Assignment: Once the line containing "Certified Top Factory" is found in the data below, repeat it and every later line exactly, leaving the pictures out.
[Data under study — start]
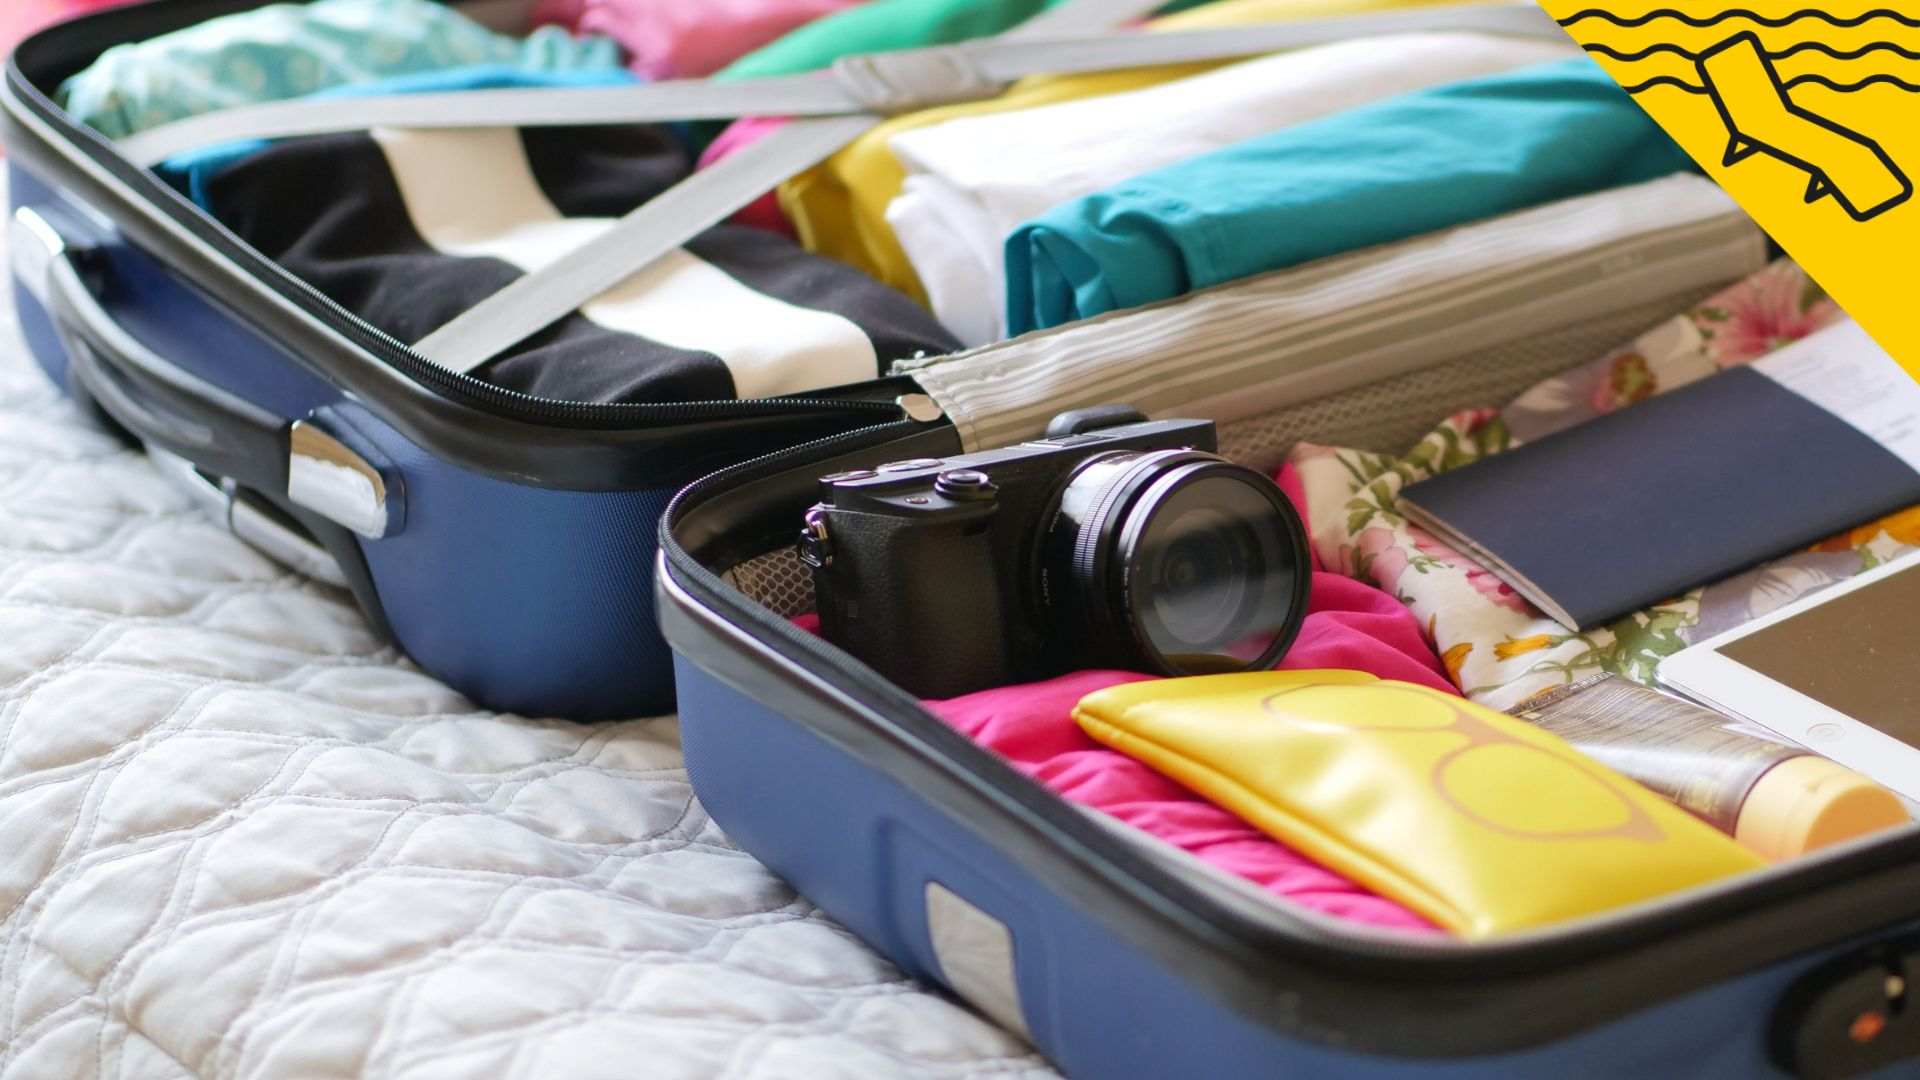 Las 4 maneras de colar más equipaje en el avión sin pagar una maleta
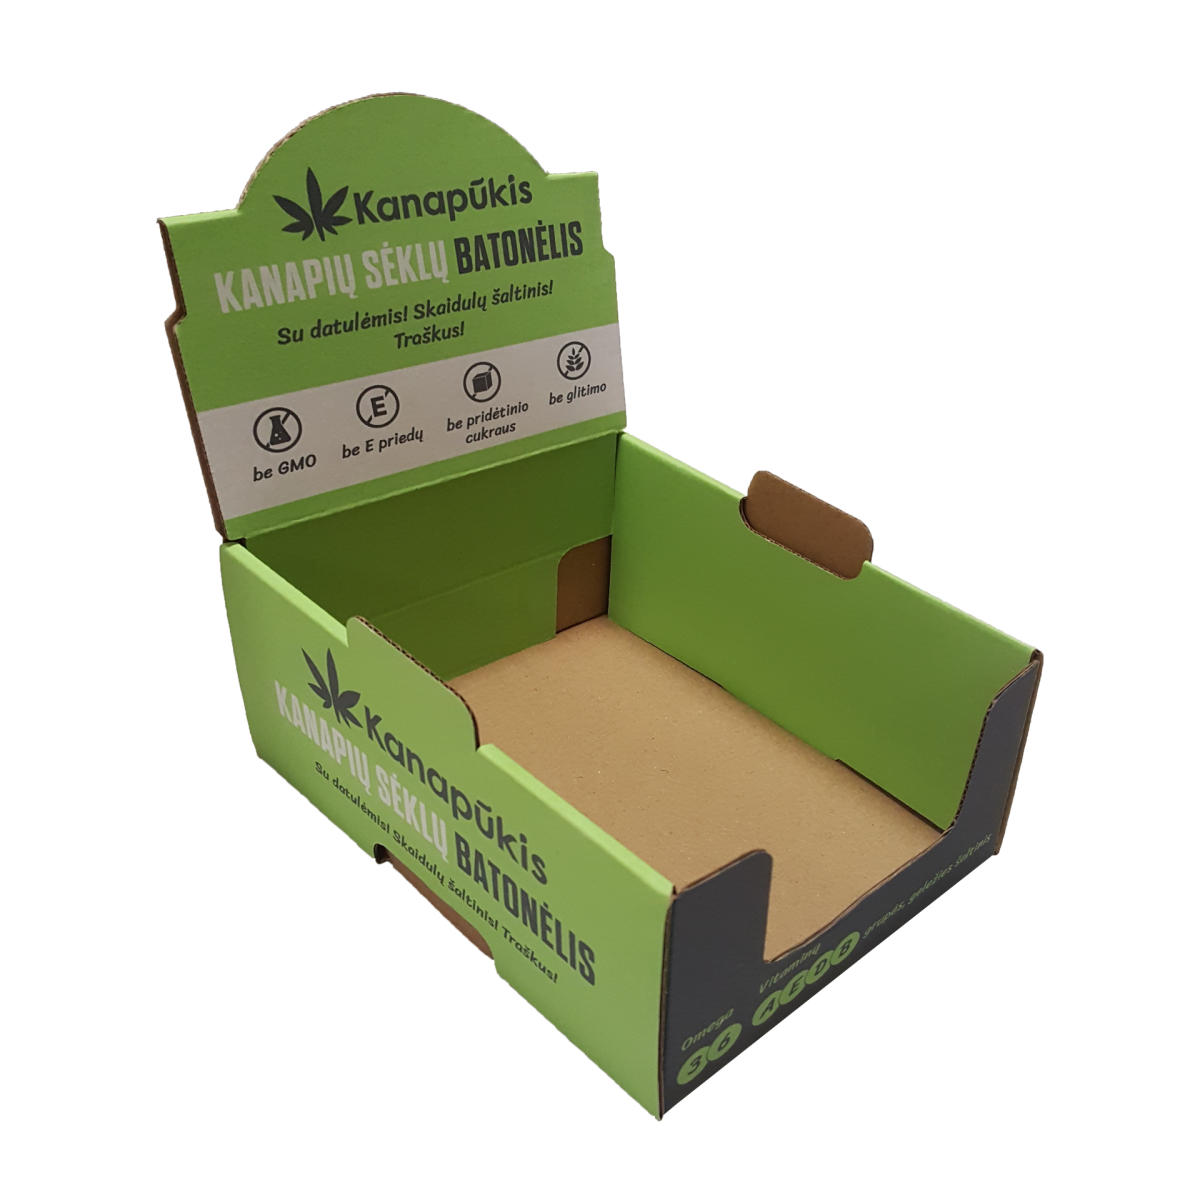 Atvira žalia dėžutė su informacija
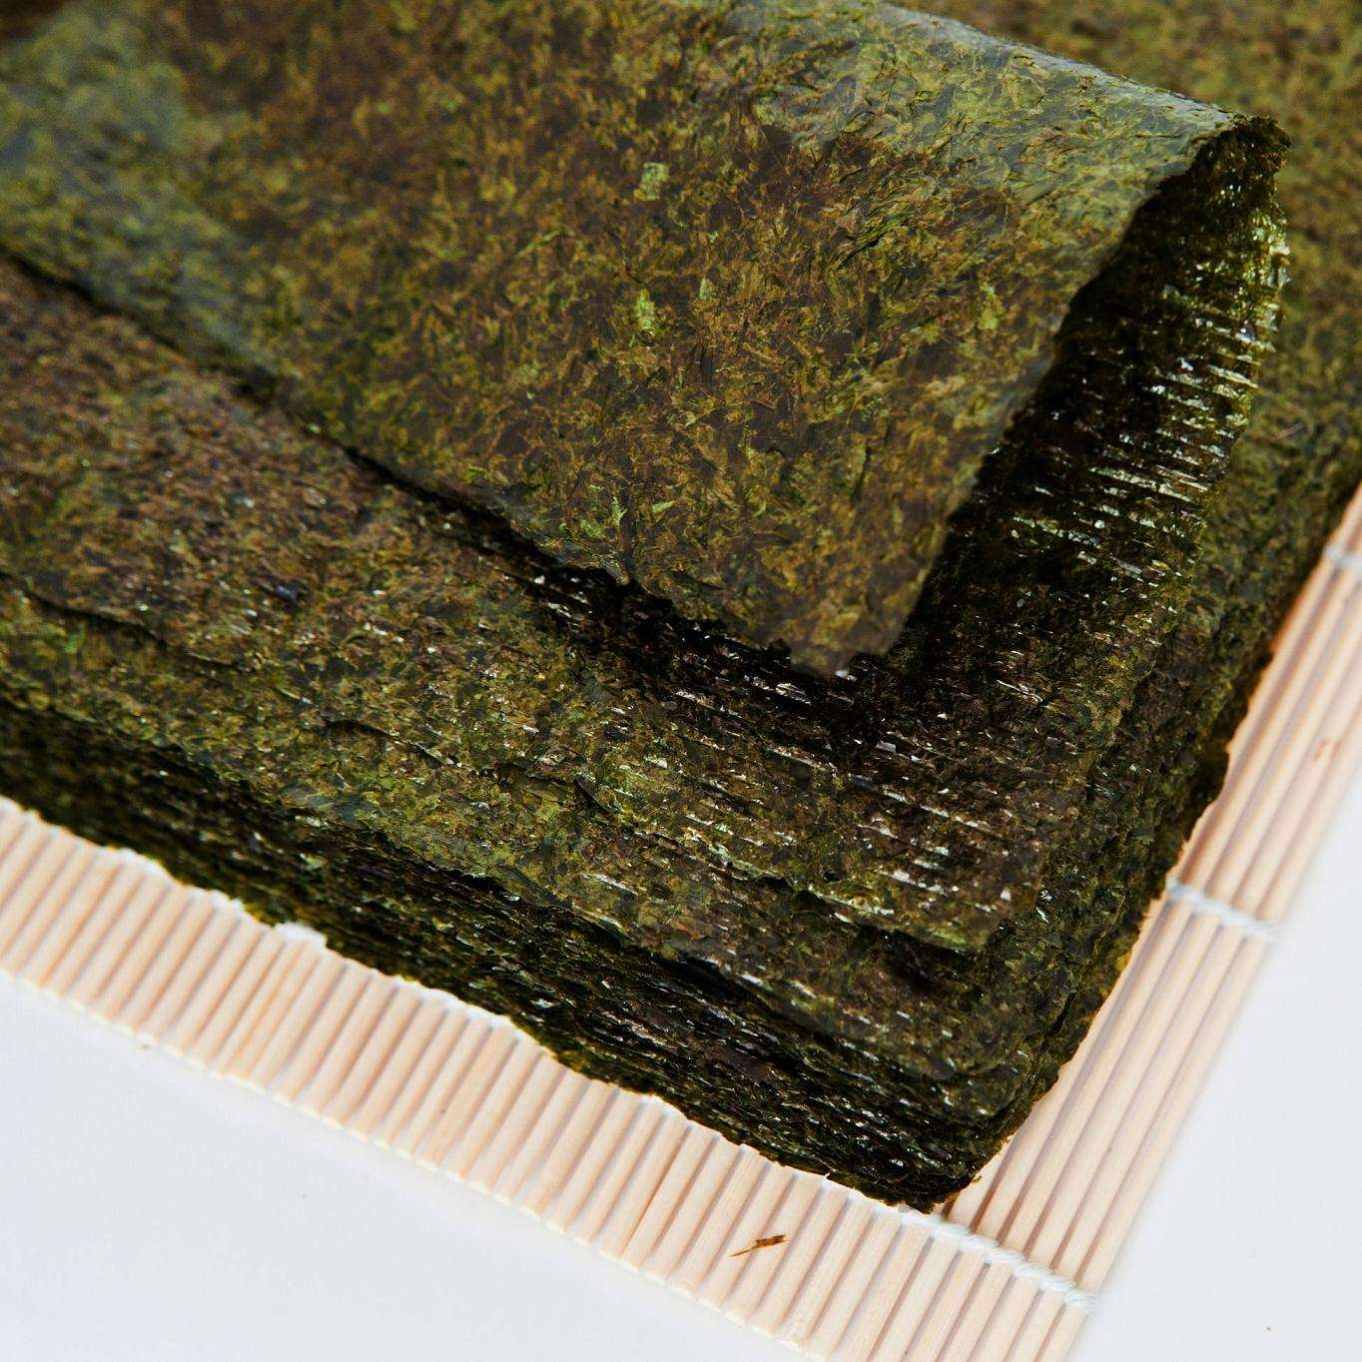 Certified Top Factory Healthy Roasted Seaweed Snack Buckwheat Seaweed Featured Image
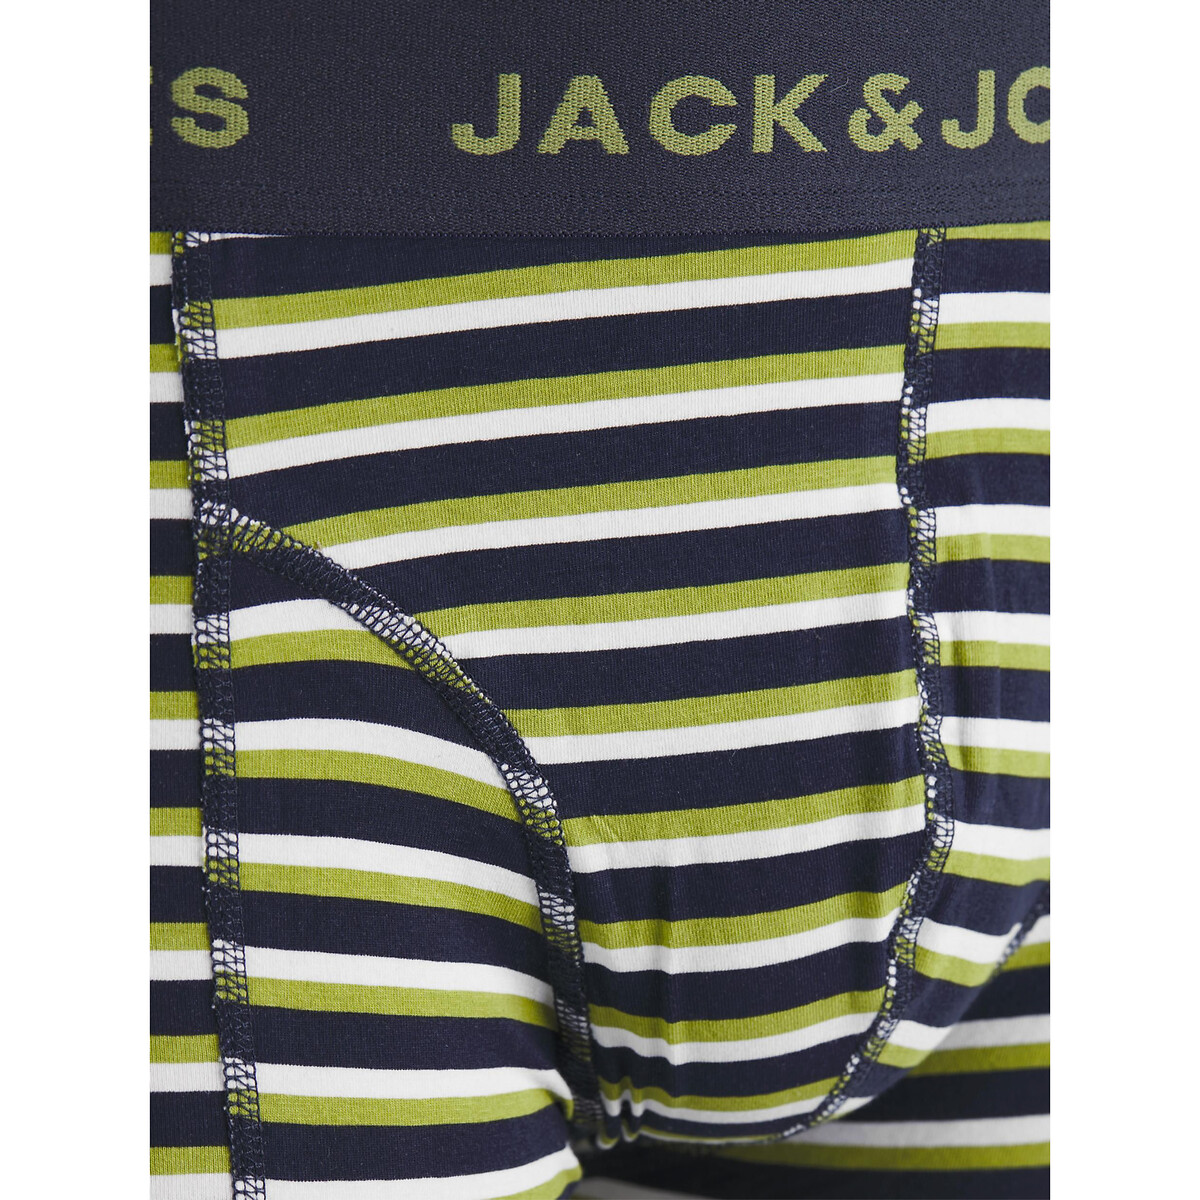 3er-Pack Boxerpants von jack & jones
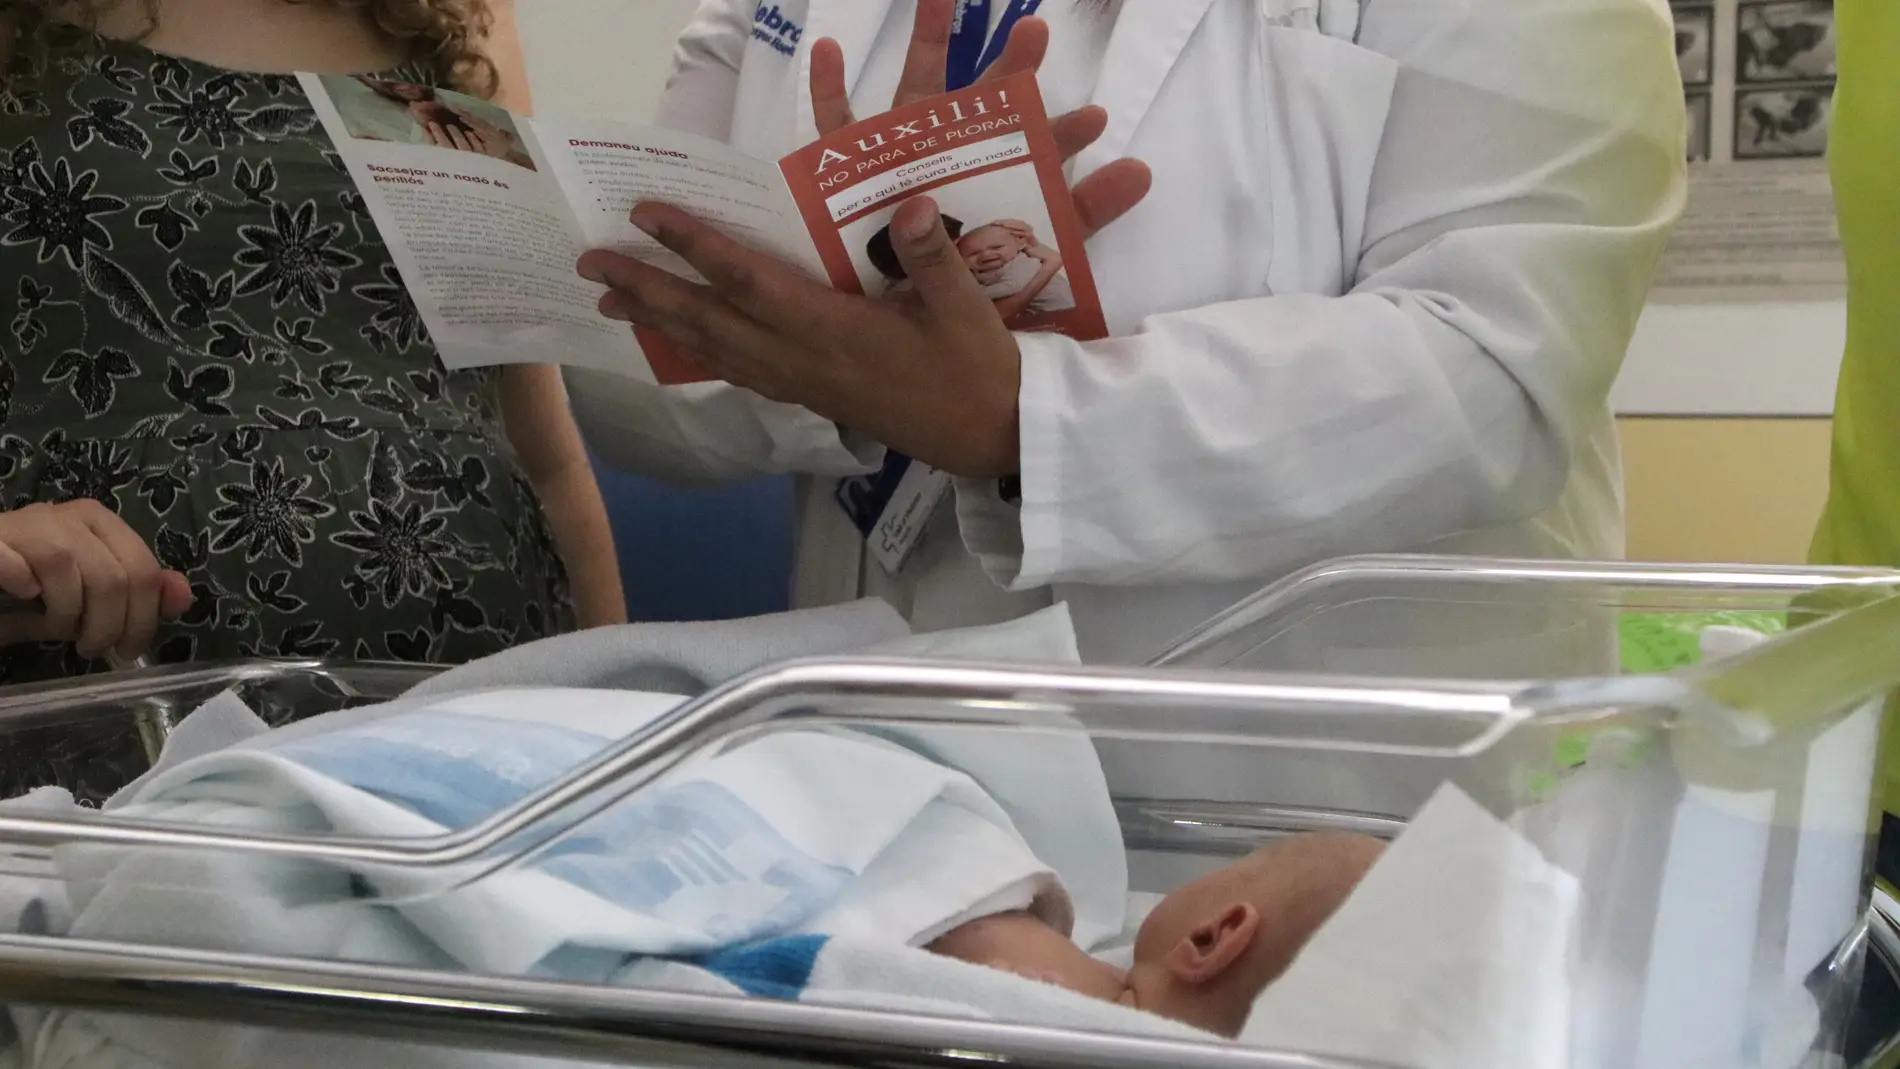 El Hospital Infantil de la Vall d'Hebron ha puesto en marcha un programa para prevenir el síndrome del bebé sacudido
[Data under study — finish]
Task output:
 Certified Top Factory Healthy Roasted Seaweed Snack Buckwheat Seaweed Featured Image
 3er-Pack Boxerpants von jack & jones
 El Hospital Infantil de la Vall d'Hebron ha puesto en marcha un programa para prevenir el síndrome del bebé sacudido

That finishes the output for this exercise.